VIII. CONCLUSIONS AND FUTURE WORK

In this paper we presented LightCommands , which is an attack that uses light
to inject commands into voice-controllable systems from large distances. To
mount the attack, an attacker transmits light modulated with an audio signal,
which is converted back to the original audio signal within a microphone. We
demonstrated LightCommands on many commercially available voice-controllable
systems that use Siri, Portal, Google Assistant, and Alexa, obtaining
successful command injections at a maximum distance of more than 100 meters
while penetrating clear glass windows. Next, we highlight deficiencies in the
security of voice-controllable systems, which leads to additional compromises
of third-party hardware such as locks and cars. Better understanding of the
physics behind the attack will benefit both new attacks and countermeasures.
In particular, we can possibly use the same principle to mount other acoustic
injection attacks (e.g., on motion sensors) using light.

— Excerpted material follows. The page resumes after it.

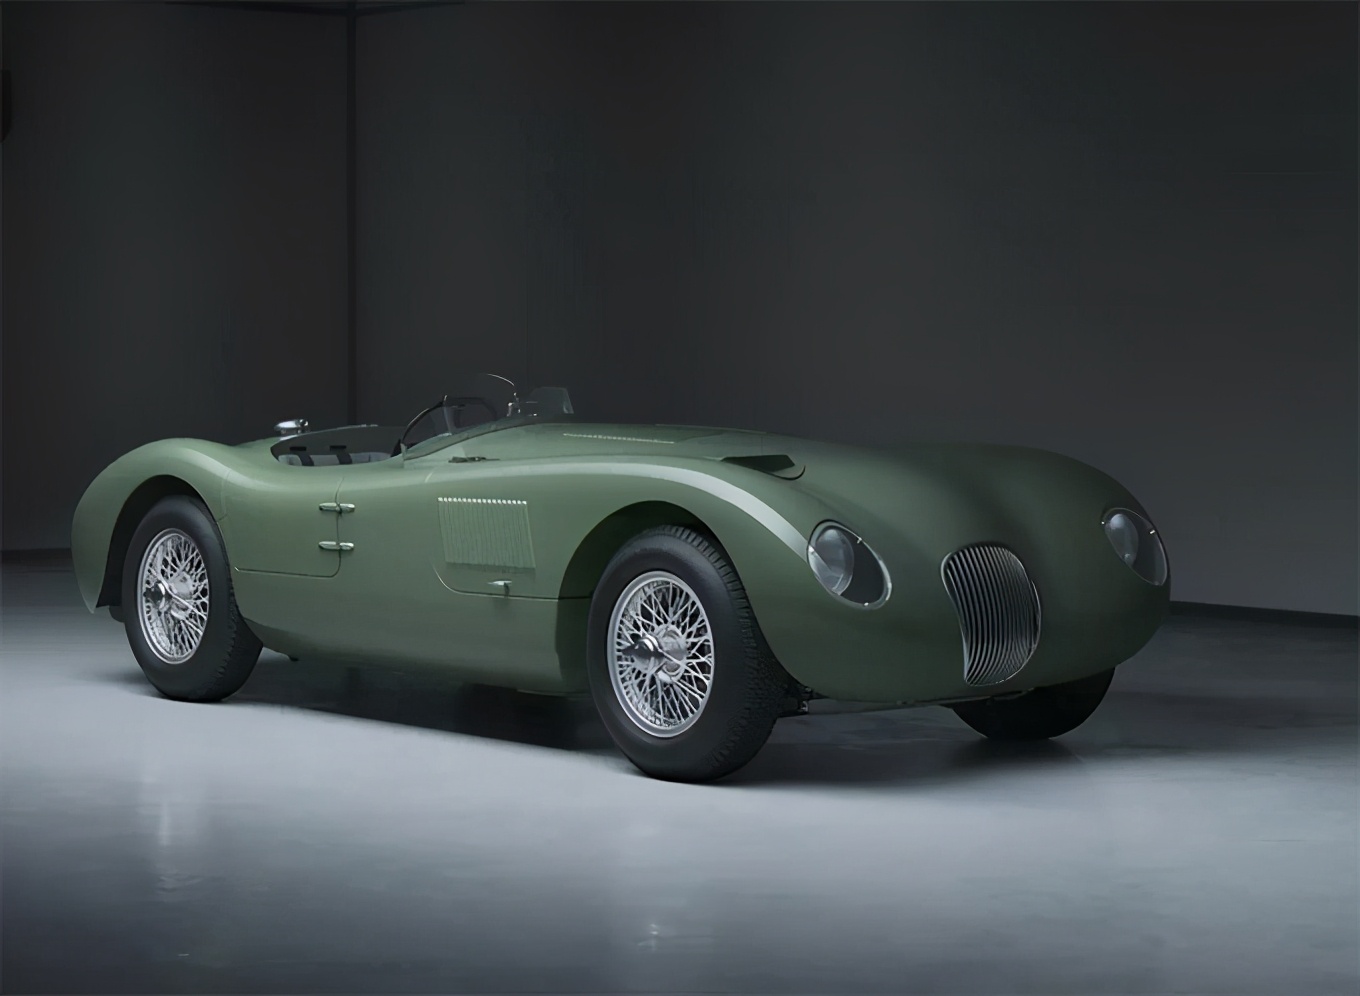 1951年,捷豹c-type正式亮相,为了追求极致的空气动力学表现,该车的

In addition, heating
by laser can also be an effective way of injecting false signals to sensors.

------
w-m
I really liked their take on the countermeasures: "It is possible to reduce
the amount of light reaching the microphone’s diaphragm using a barrier that
physically blocks straight light beams [...] However, we note that such
physical barriers are only effective to a certain point, as an attacker can
always increase the laser power in an attempt to compensate for the cover-
induced attenuation. Finally, in case such compensation is not possible, the
attacker can always use the laser to burn through barriers, creating his own
light path."

Sure, you can try to defend by putting a lid on the microphone. But we already
have a laser here, we'll just burn through that.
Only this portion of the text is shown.